1Although we should remember that in Brown 1966, Raymond Brown cautions against assuming a two-year ministry from the Johannine evidence (pp l-li).

2 See Ross S. Kraemer, 'Implicating Herodias and Her Daughter in the Death of John the Baptizer: A (Christian) Theological Strategy?', Journal of Biblical Literature 125 (2006) 321-49, esp. pp 326-7.

3 In the well-known account of Jesus' birth in Lk 2 we are told that Jesus was born in Bethlehem during the 'first registration' ordered by Augustus Caesar when Quirinius was governor of Syria. This date is problematic: Quirinius was governor of Syria from 6-12 CE. This is incompatible both with Luke's earlier statement that John the Baptist (and hence Jesus) was born during the reign of Herod the Great. It is also incompatible with Luke's later statement that Jesus was around 30 when he began his ministry after his baptism by John and John's arrest, since that would mean he began his ministry in 36 CE, a year by which, according to Josephus, John the Baptist was already dead.

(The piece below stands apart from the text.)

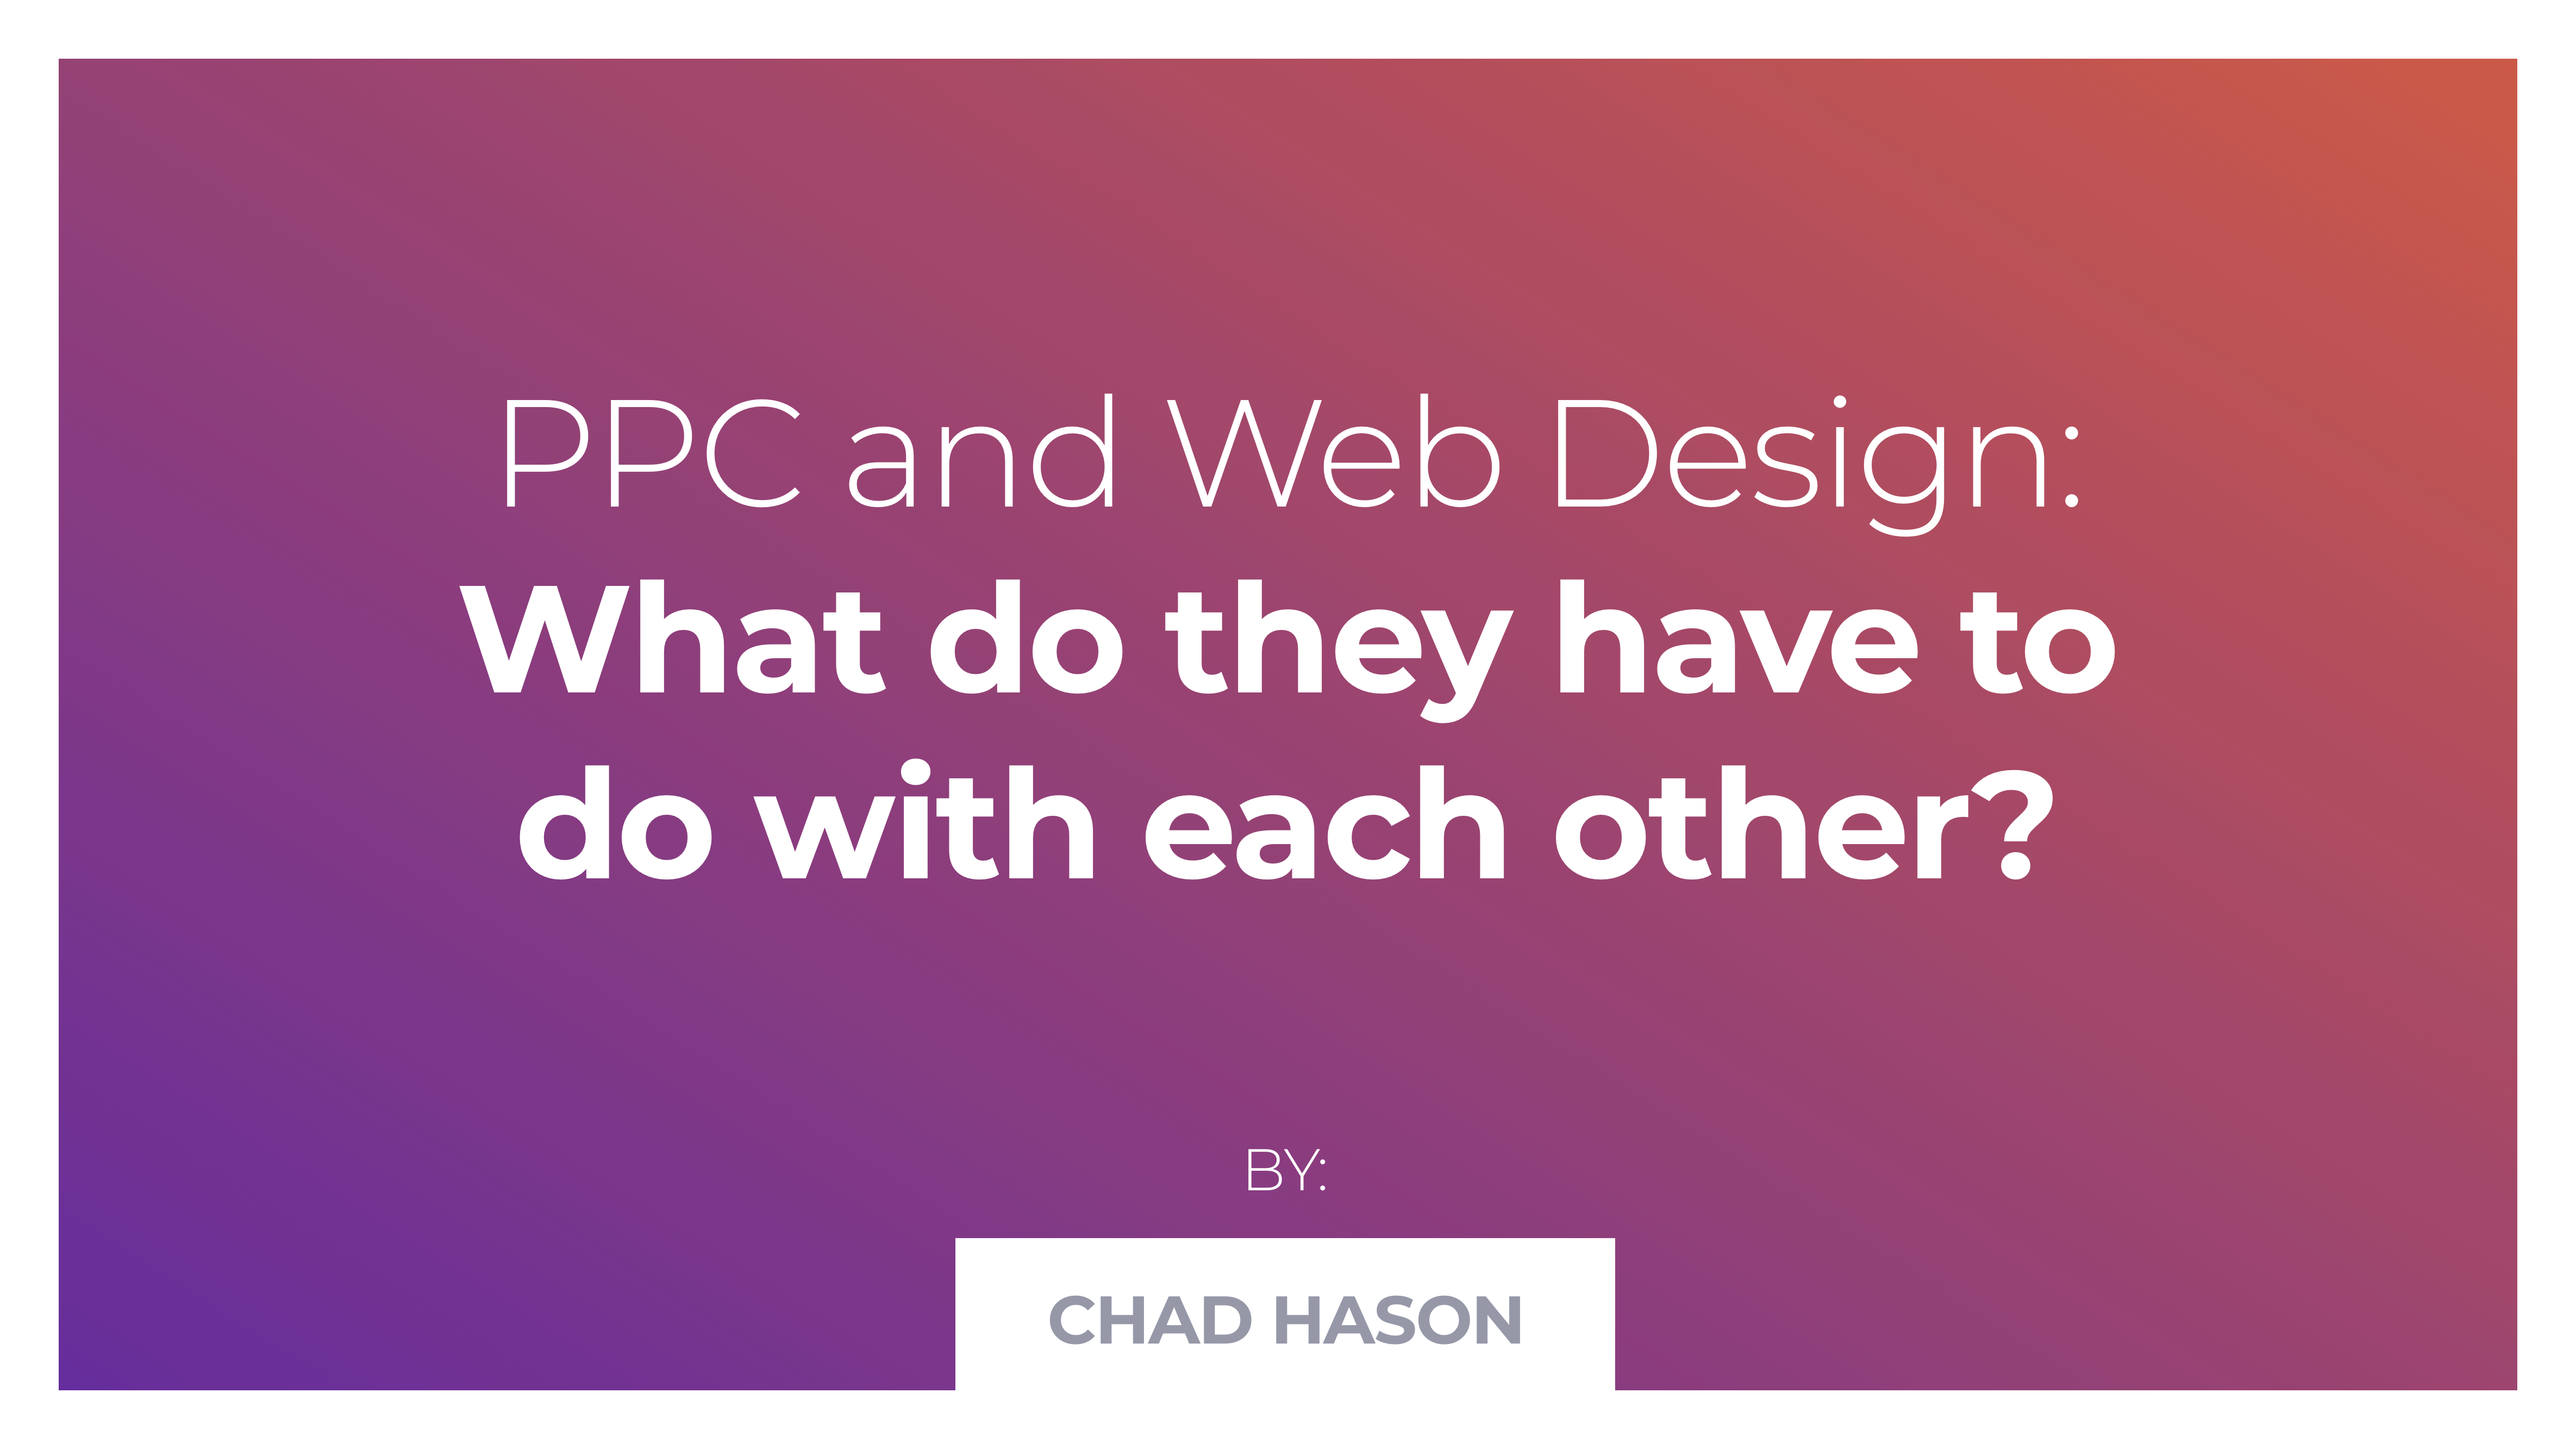 PPC and Web Design: What do they have to do with each other?

4 The calculation for the Common Era has long been recognised as being mistaken as to the first year of the Era, ie, the year of Jesus' birth. It is the result of the work of a sixth-century legist and chronologist named Dionysius Exiguus (Dennis the Puny or perhaps Dennis the Slender). In drawing up an Easter table (a table used to determine the dates on which Easter would fall annually in a given span of time), he pioneered the use of a new way to designate a date: in addition to giving the names of the men that had served in the office of consul in the year in which he was writing, a standard method of dating for the Roman world until the end of the Roman Empire, he also gave the number of years that he reckoned had passed since the Incarnation of Christ. The basis of his reckoning is not known. The problem remains to determine how far off those calculations may have been.

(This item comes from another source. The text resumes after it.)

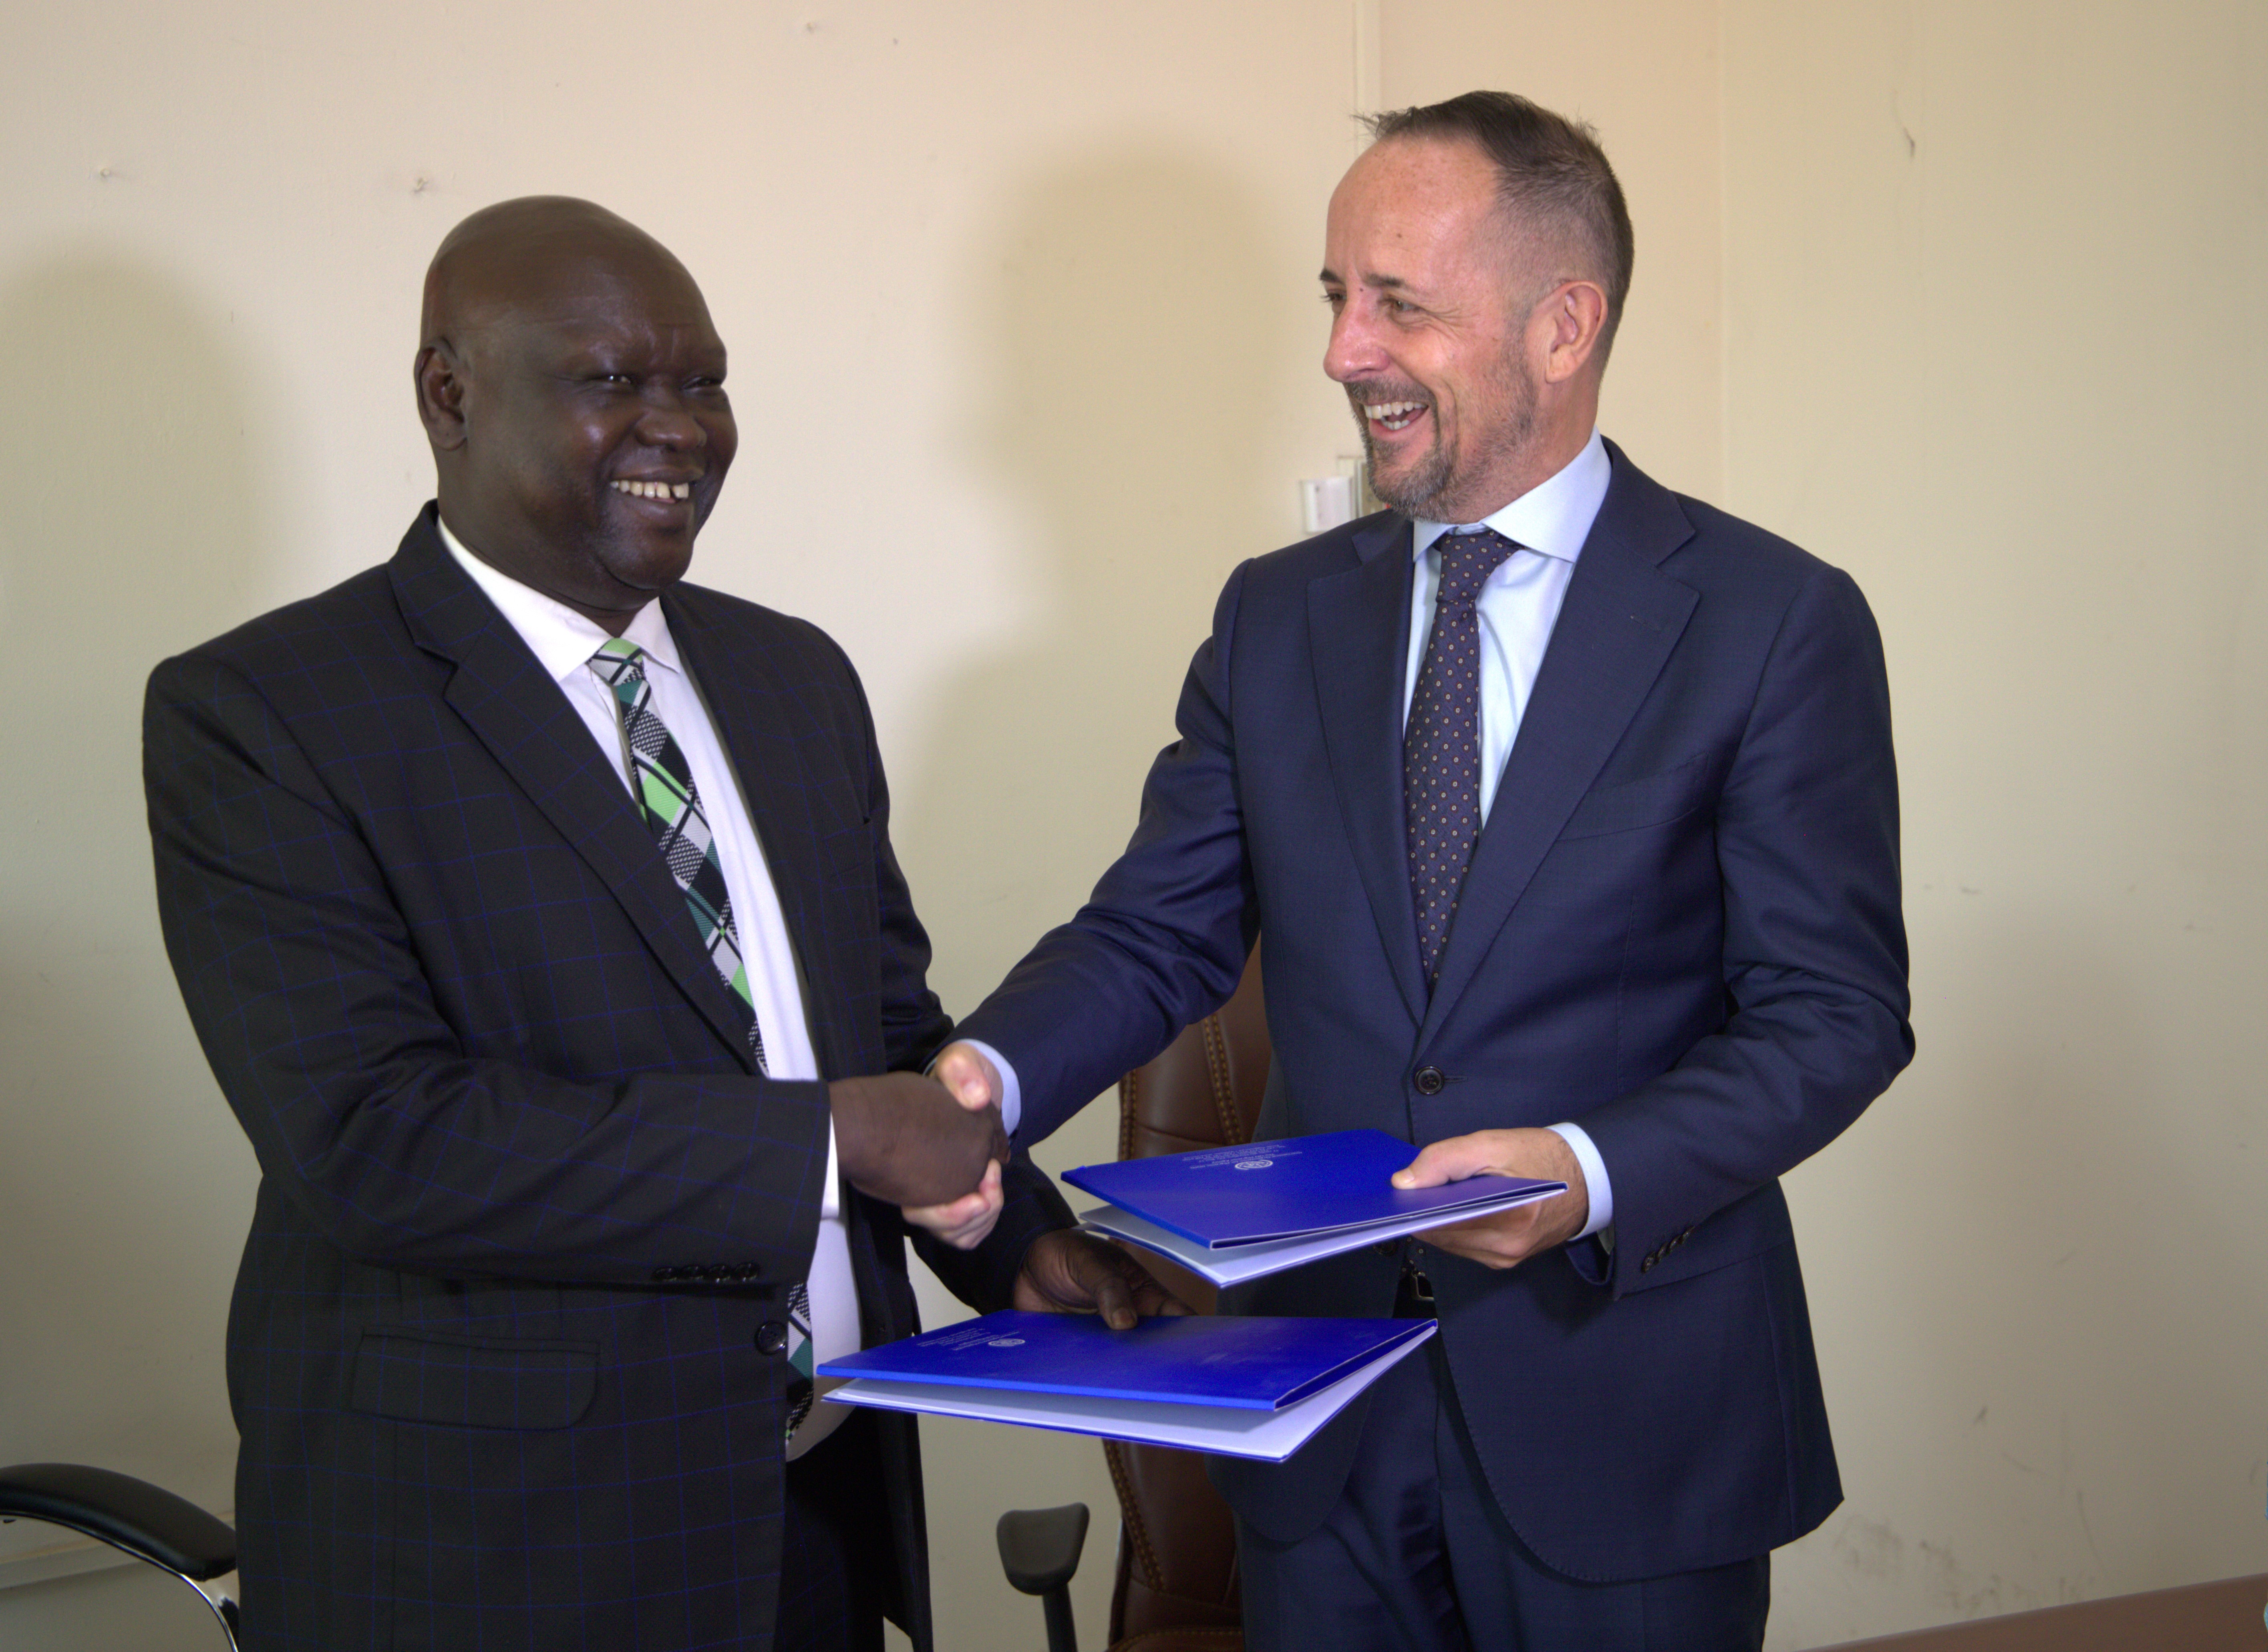 IOM’s Chief of Mission, Mr. Peter Van der Auweraert exchanges the signed MoU with Hon. Stephen Par Kuol, the Minister of Peacebuilding.

5If Matthew's account is correct, then Joseph and Mary may have lived in Bethlehem all along and only moved to Nazareth when they returned from Egypt. Luke certainly seems to have been confused about the details of the census and he may simply have been misinformed about why Mary and Joseph were in Bethlehem in Judaea when Jesus was born, when all his adult associations were in Galilee. But this is not an issue to be dealt with here.